Oh boy. I thought this was supposed to be one of the good ones? It was uh... not good. No. But it honestly managed to retain some positives and to the movies credit I genuinely didn't see the swerve with Hammond being an android too coming, so that was clever, granted but otherwise there was a lot of this that was just generally below average and at times, very below average that really dragged this movie down to a underperformer.

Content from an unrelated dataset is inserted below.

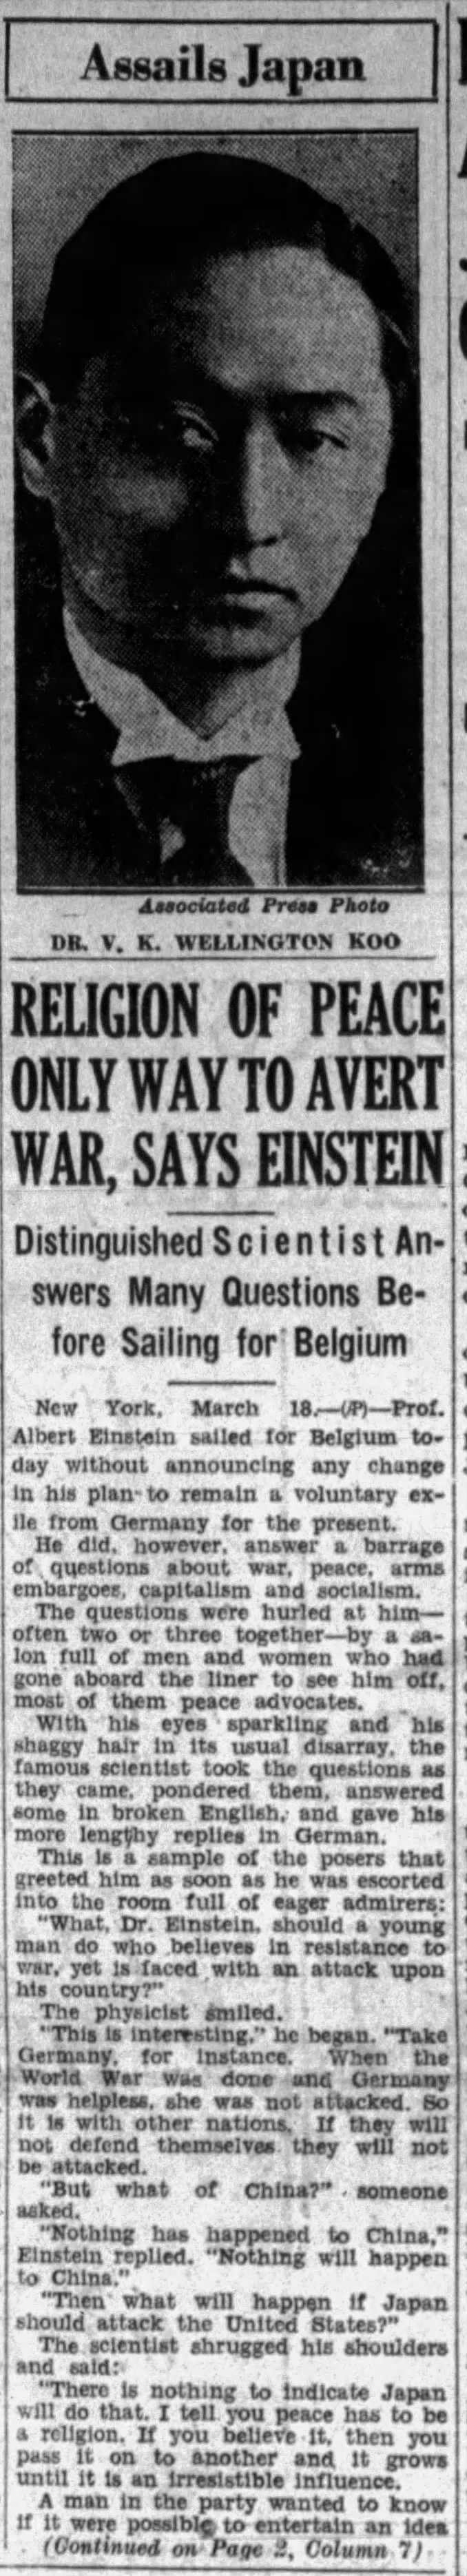 Religion of Peace Only Way To Avert War, Says Einstein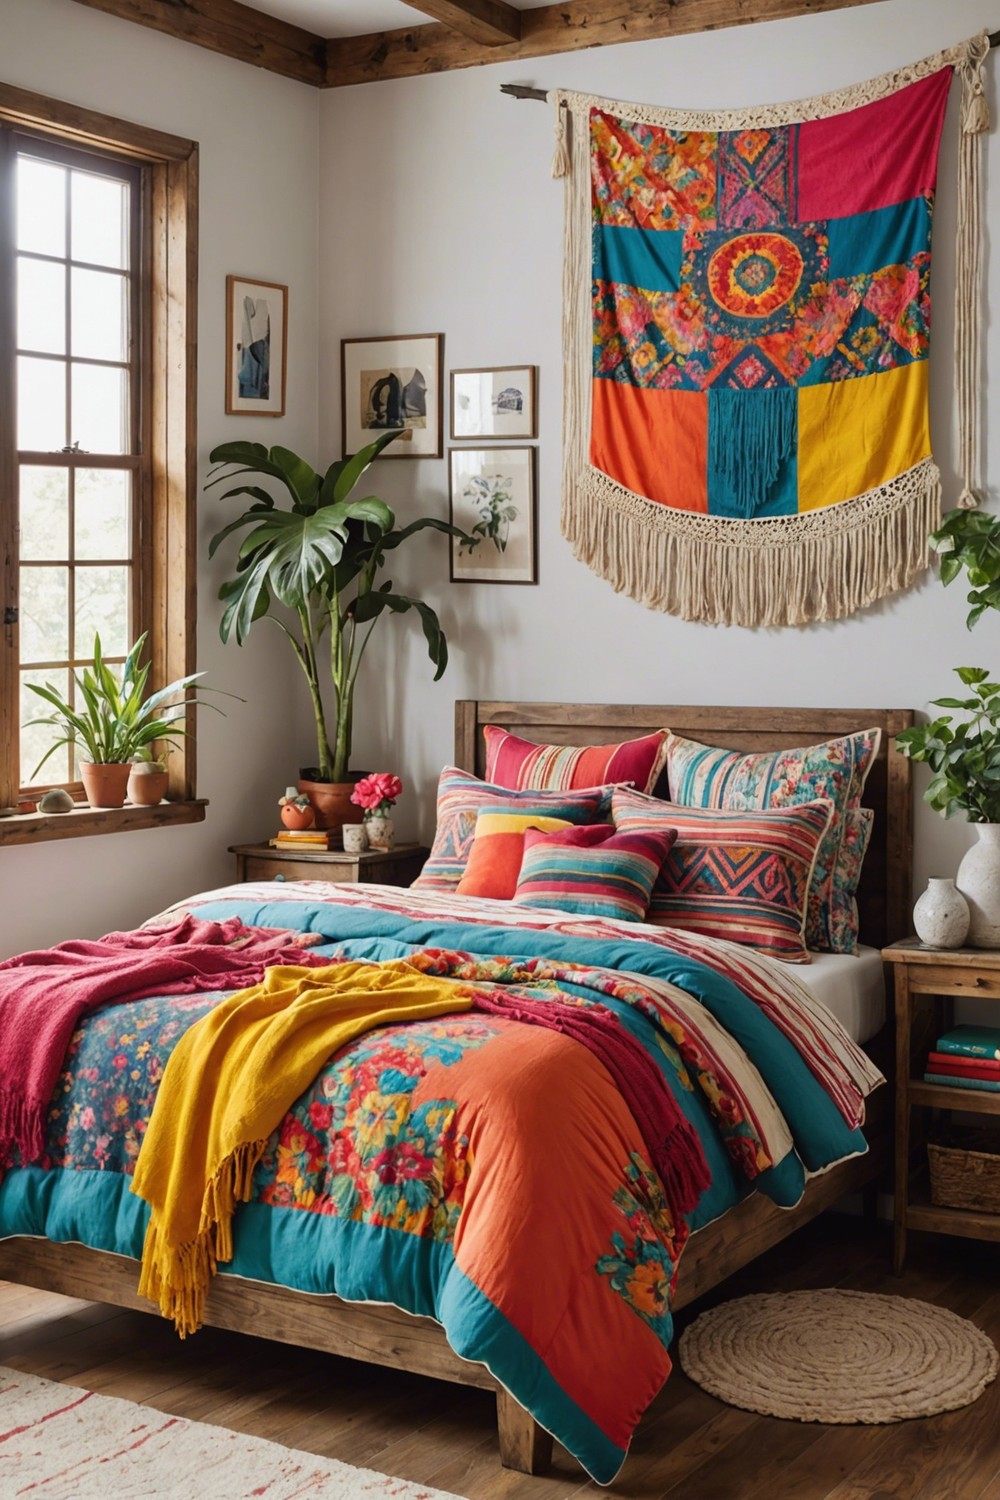 Vibrant Colored Bedding In Clashing Patterns

Let's mix things up a bit and start with the bad points first instead! A good 2/3rds of this movie was shot, I think, handheld. By somebody seriously wired on caffeine, because there was a very heavy degree of shaky camera work going on. I know it's sometimes a technique Directors pull to make it feel like you're an observer and you're really dialled into the action, but it was starting to make me feel a little bit motion sick. Genuinely. It was that bad. As if the person filming the shot was sitting on a rodeo bull trying their hardest to keep the camera trained on one central point! Other moments in the film were shot perfectly, even some quite impressively but a whole bunch of the movie was shot this way and not only did it feel amateurish but at times it got uncomfortable to watch.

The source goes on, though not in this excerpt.